Впрочем, в положении «охотника, поймавшего медведя» оказались и сами немцы. Потому что и они не смогли снять с фронта ни одного батальона. Никуда. Даже на начавшееся в конце октября наступление на Москву. Георгий Константинович не сомневался в том, что его продолжали держать здесь, на Ленинградском фронте, во многом именно из-за того, что знали – ни одного батальона под Москву он отсюда так и не отпустит…
Выскочившие из леса лыжники остановились метрах в двадцати от обочины, на которой стояли генеральская «эмка» и сопровождение – два бронеавтомобиля БА-10М и два БА-20 и два грузовика с автоматчиками. Навстречу им прямо через сугробы, высоко задирая ноги, полез порученец. От десятка лыжников отделился один и лихо подкатил к порученцу. Переговорив с ним, он кивнул и, легко, даже несколько рисуясь, оттолкнувшись палками, покатил к генералу.
– Товарищ генерал армии, командир головного разведывательного дозора отдельной Лугской войсковой группы сержант Пищенко.
Жуков окинул его цепким взглядом и… протянул руку.
– Все вырвались? Где командир?
– Не все, товарищ генерал, – вздохнул сержант, – майор Белоголовцев со своими там остались. Немчуру держать. Иначе не оторваться было. И так-то еле ушли. Немцы столько сил вокруг стянули… Но, – тут сержант сверкнул белозубой улыбкой, – командир обещал их потом вытащить.
– Из Луги?
– Из плена, – несколько снисходительно пояснил сержант. – Ну, кто живой останется… А сам командир – спит. Не будите его, пожалуйста, товарищ генерал.
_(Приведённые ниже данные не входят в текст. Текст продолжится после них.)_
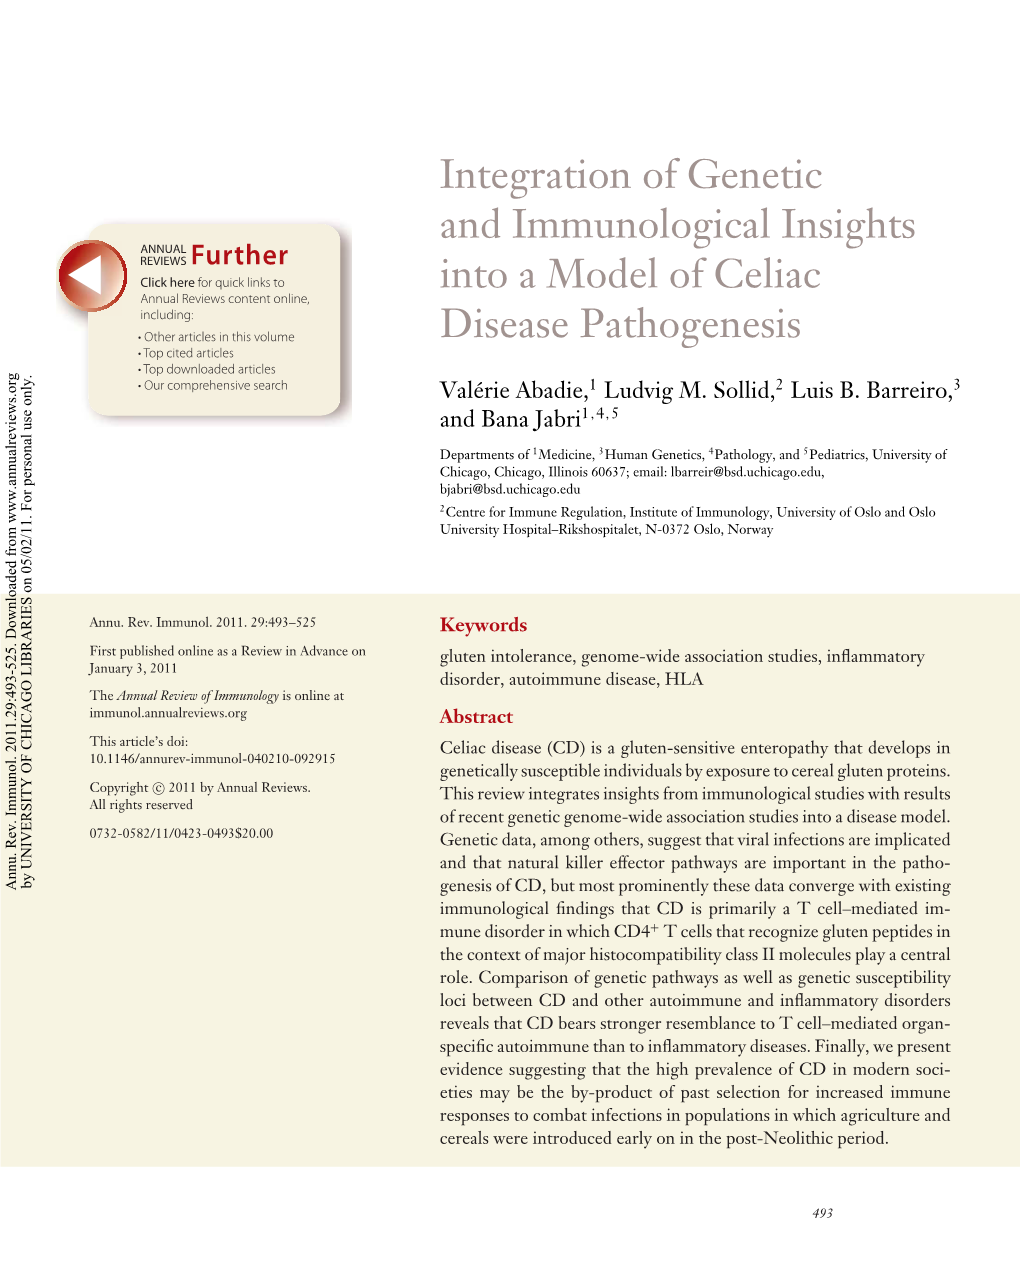 Integration of Genetic and Immunological Insights Into a Model of Celiac Disease Pathogenesis

– Как спит? – возмутился выбравшийся из сугроба и подбежавший порученец. – Да вы что себе… – и осекся. Потому что неожиданно уперся взглядом в дула автоматов разведчиков, удивительно синхронно развернувшиеся в его сторону. И в их глаза, смотревшие на порученца едва ли не более грозно, чем оружие.
– Не надо его будить, товарищ генерал, – негромко повторил сержант, почему-то смотря при этом на порученца. – Командир всю ночь с ранеными возился. С тяжелыми. Почти три сотни за собой вытащили. И всех довезли. Благодаря командиру. Отдохнуть ему надо трохи…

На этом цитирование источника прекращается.